See: http://www.nationaldefensemagazine.org/issues/2006/may/U.S.CoastGuard. htm for more information about RESCUE 21 and some of the problem encountered in its deployment.
posted 01-07-2008 06:50 PM ET (US)
Despite his excitement and tendency to yell into the microphone in what was likely a very traumatic experience, do you think that this boater could have hit his "DSC-Distress" button on his DSC-Enabled VHF? That would have given the USCG an exact location to dispatch a rescue boat or helicopter.
This is interesting information, and it reminds me first and foremost why I like my Whaler, but also to be sure to speak clearly and enunciate my words when calling for help!
I also agree that the Coastie on the recording was talking very fast - if I were trying to plug a hole in my sinking boat, I'm not sure I would have understood his questions or instructions - at least, not enough to calm me down. The whole purpose of speaking in a metered calm tone in these situations is to help the hyper-alert person facing an emergency to calm down and understand/receive instructions on what to do.
Considering that his passenger had donned a PFD and swam for shore, either the situation aboard was dire indeed, or the atmosphere aboard was in a high-state of panic.
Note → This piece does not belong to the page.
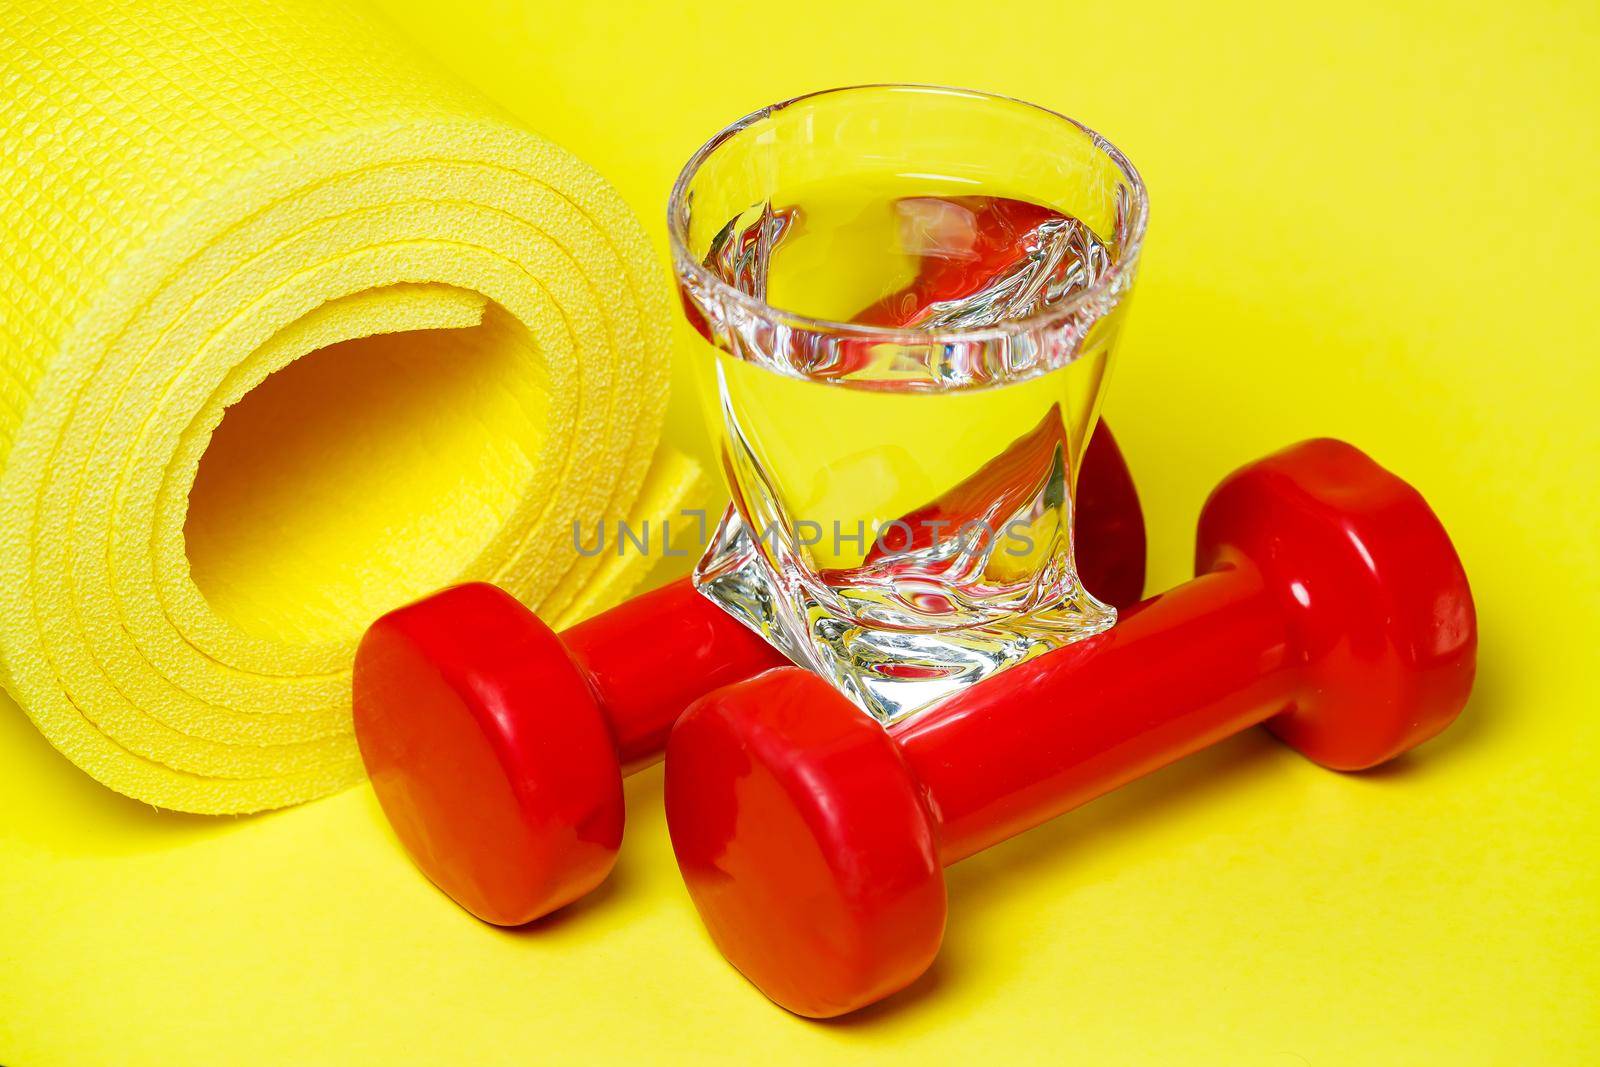 red dumbbells, a glass of water, a yellow rug, colored background, sports, energy drink, equipment for the gym by Dmitrytph

Incidentally, if you are close enough to shore for your passenger to reasonably "make a swim for it", aren't you close enough that you should be able to run the boat aground and save it from sinking?
posted 01-14-2008 04:56 AM ET (US)
I downloaded the [audio recording of the MAYDAY call],whatever that is worth. I monitor 13/16 daily via external speaker upgrades. [Because of the combination of] of speaker, good antenna, [good] vhf unit, many years of listening, [and many years of] assisting others trouble shoot, I can tell if another transmission is distant, low battery, bad antenna, bad or cheap microphone, etc. I would not classify this as a bad recording of the MAYDAY call because the USCG is pretty clear. On a scale of 1-10, I would give the [recording] itself a 6 rating.
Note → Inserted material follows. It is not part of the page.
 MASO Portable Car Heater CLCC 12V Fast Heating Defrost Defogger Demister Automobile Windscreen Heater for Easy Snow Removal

The distress radio is simply distant, bad mic or small antenna, or all of the above.
Sometimes I wonder who needs to be trained in emergency radio proceedures, Citizens or USCG? I suppose, just like 911, some operators are better than others.
DSCs are great. [RESCUE 21] is scheduled to be adapted to the NW area this summer.
posted 01-15-2008 03:20 PM ET (US)
Wikipedia had a link to a nice distress card procedure. I liked it so much I posted it next to the radio...
posted 01-15-2008 03:54 PM ET (US)
ICOM provide two stickers when you purchase a VHF. You can place these stickers around your vhf or if you prefer you can lamimate them for use as needed. My navy training included distress voice calls we memorized what was to transmitted and practiced it until it became second nature.
I also carry a white & black china marker (grease pencil) that are located by my radio in case I have to copy a position, call sign etc. You can write on your windshield or helm area. The grease comes right off.